A exposição do Rainha Sofia contará com 160 obras de 20 artistas, provenientes de várias instituições públicas e privadas, como a Biblioteca Nacional de Portugal, o Museu do Chiado e a Fundação Cupertino de Miranda. A Gulbenkian, que a co-produz, é o maior dos emprestadores, cedendo mais de 56 obras.
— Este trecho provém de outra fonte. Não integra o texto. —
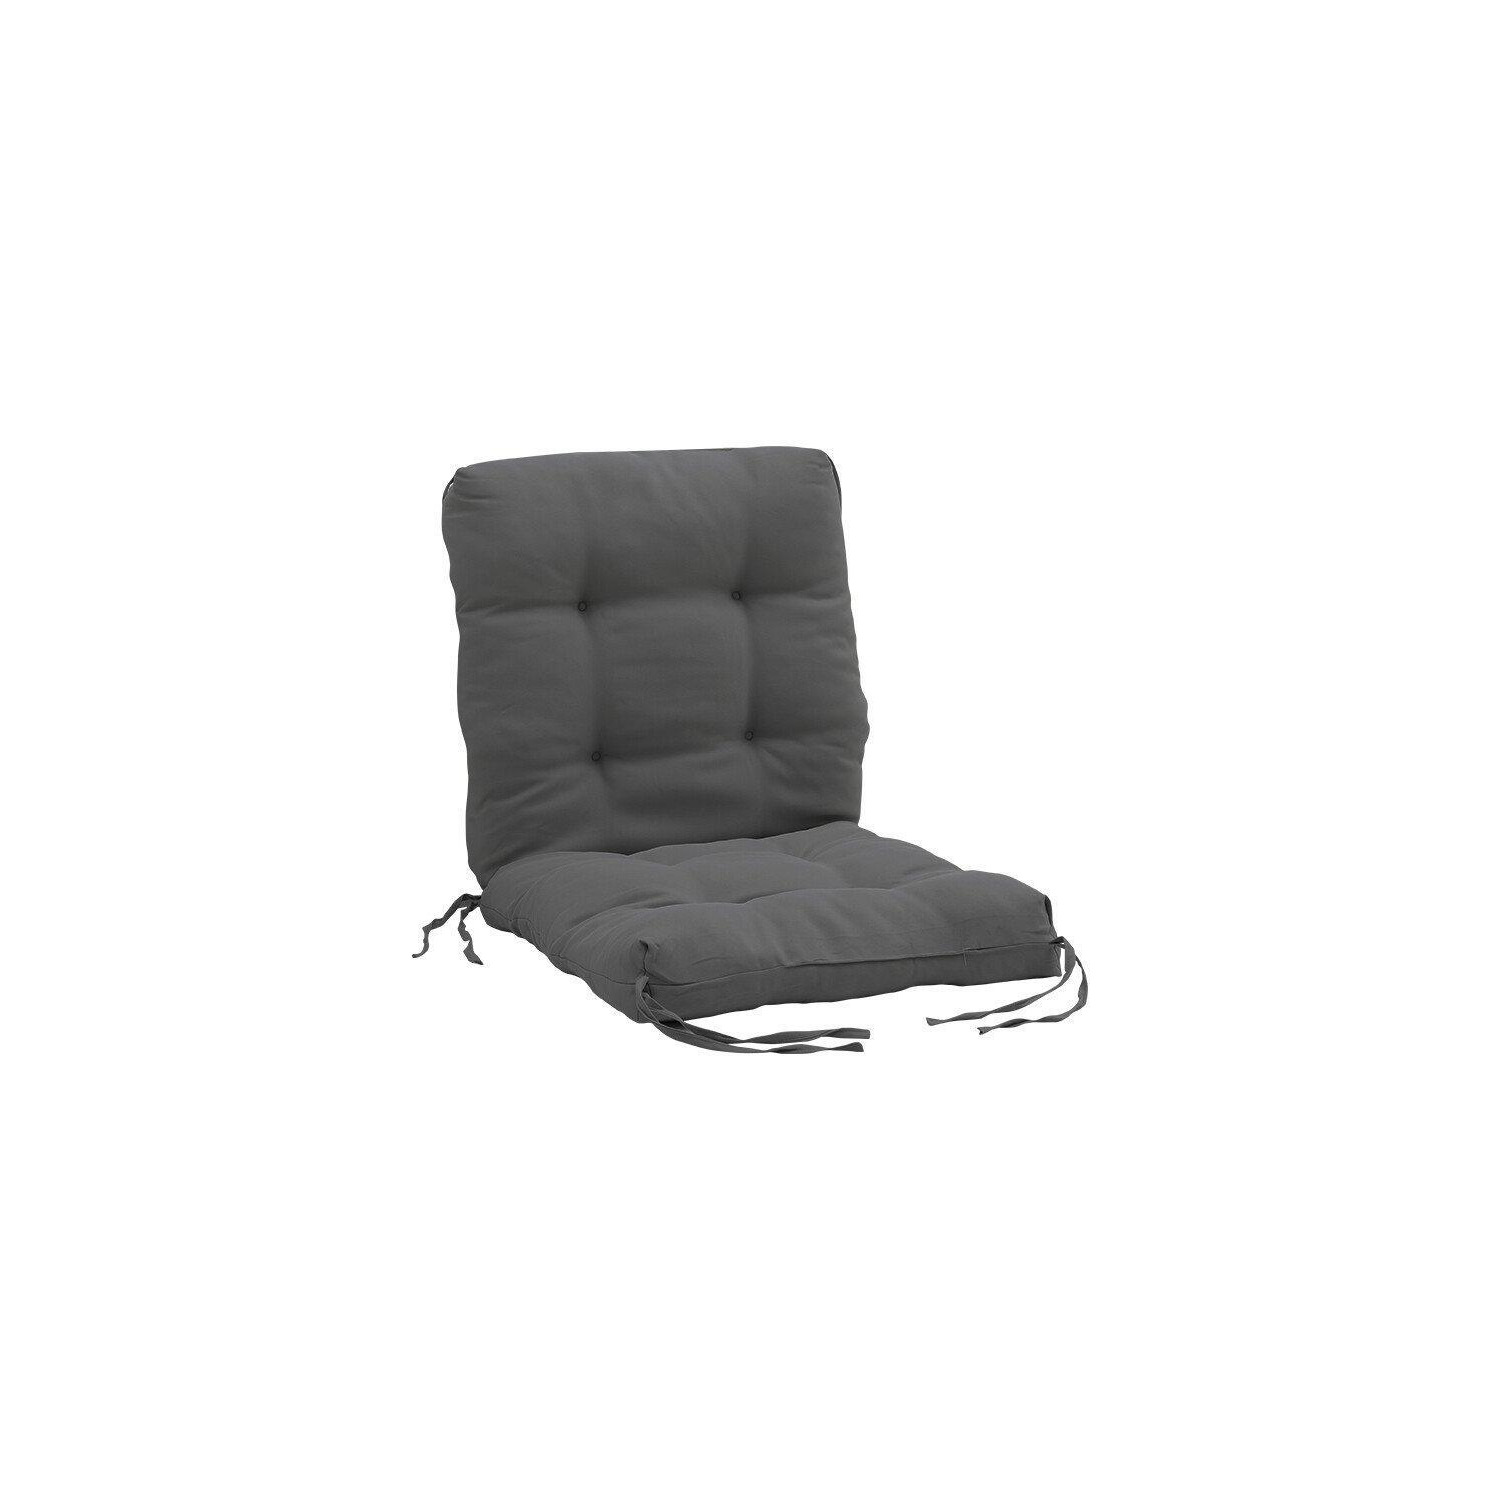 110cm x 50cm Lawn Chair Garden Seat Cushion - image 1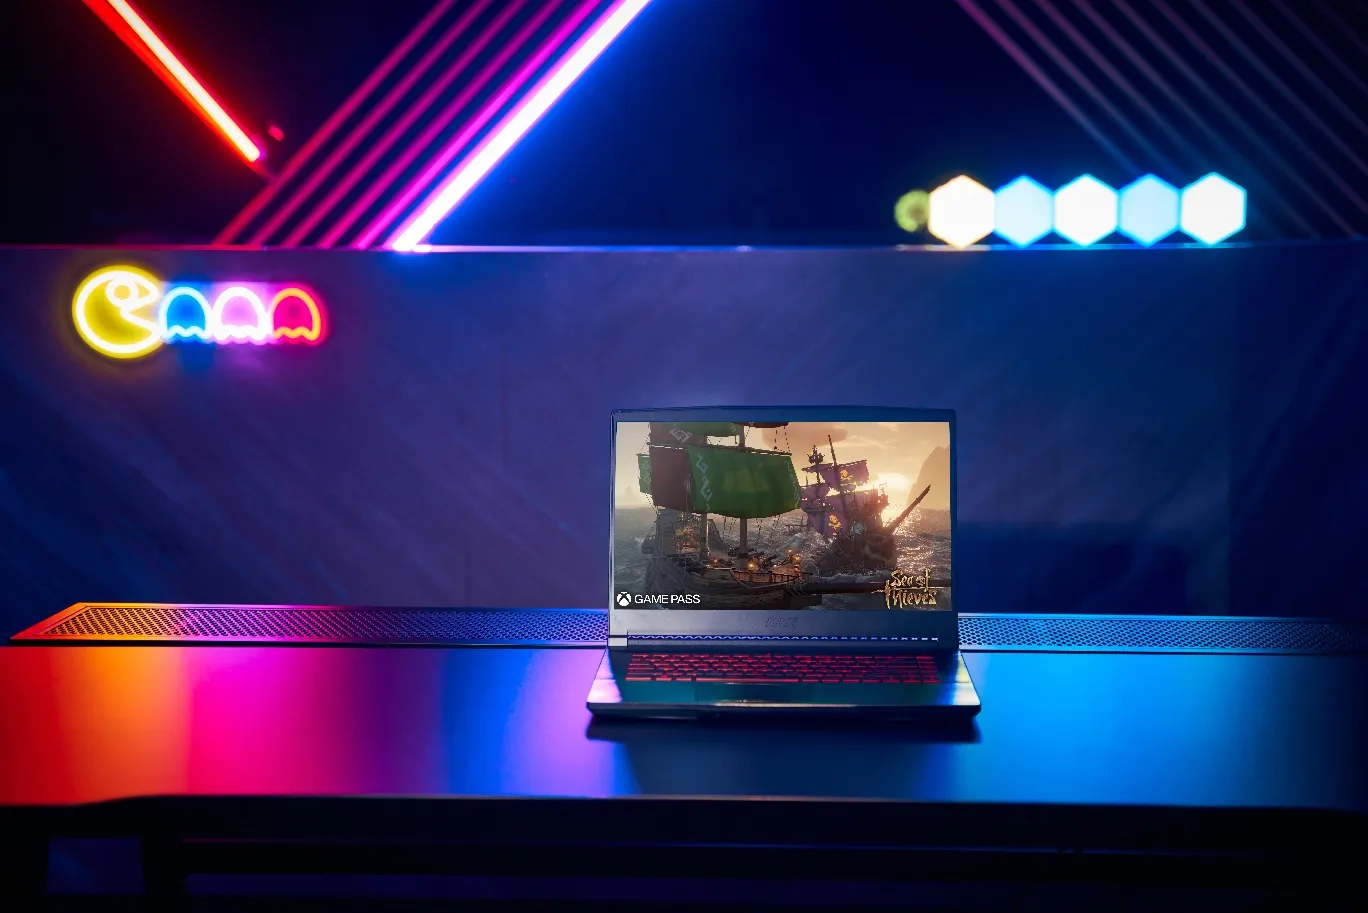 MSI Cyborg 15 và Thin GF63: Laptop gaming mỏng nhẹ, giá rẻ cho mùa lễ

Entre elas está o célebre retrato do poeta feito por Almada em 1964, segunda versão do que pintara dez anos antes para o restaurante Irmãos Unidos, ponto de encontro do grupo da revista Orpheu, em que ambos estavam envolvidos; as maravilhosas pinturas de Amadeo A Chalupa (c. 1914-15) ou Os Galgos (1811); O Meu Retrato (1928), de Mário Eloy; K4 Quadrado Azul (c. 1916), de Viana; Tarde de Festa (1925), de Júlio dos Reis Pereira; e inúmeros desenhos de Jorge Barradas e Adriano de Sousa Lopes.

Estas obras, associadas a vários documentos – fotografias, cartas e outros manuscritos, horóscopos que Pessoa faz para si e para os seus heterónimos, revistas de arte e literatura, como Orpheu, A Águia e a Presença – estarão divididas por núcleos dedicados aos “ismos” que, via Pessoa, marcaram a modernidade portuguesa, uns originais, outros por reapropriação ou oposição frontal. Estão lá o paulismo, o interseccionismo, o sensacionismo, o futurismo… “Nesta exposição o que mais nos interessa trabalhar é o próprio conceito de vanguarda e a forma como Pessoa, que não se interessa propriamente pelas artes visuais mas que muito escreve sobre elas, se relaciona com a modernidade.”

Explica João Fernandes que o poeta, que chegava às artes sempre através da literatura porque só ela lhe interessava, se distancia do cubismo sem deixar de se relacionar com ele, “reinterpretando” algumas das suas propostas:  “Pessoa compreende que é preciso ser contemporâneo e o modernismo é essa contemporaneidade. Ele sabe que as vanguardas estão a acontecer, mas cria os seus próprios modelos, o que reflecte uma atitude crítica muito interessante.”

Pessoa procura a diferença, acrescenta o comissário, a partir de um contexto que ele sabe ser periférico e adoptando algo que é comum às artes visuais portuguesas da época – uma forma muito particular de cruzar o popular e o erudito. “Pessoa trabalha a redondilha como trabalha o verso clássico. Nada disto se exclui na sua obra. Amadeo e Viana, por exemplo, também vão buscar o artesanato para o reinventarem.”

O poeta sabe, conclui, que há uma simultaneidade da escrita e das artes visuais – a Orpheu é um dos palcos maiores dessa convivência -, e insiste na especificidade da cultura portuguesa, uma especificidade que é geográfica, mas também histórica: “Por isso ele cria essa noção de Quinto Império para a poesia e para a arte. Um império que deixou de o ser.”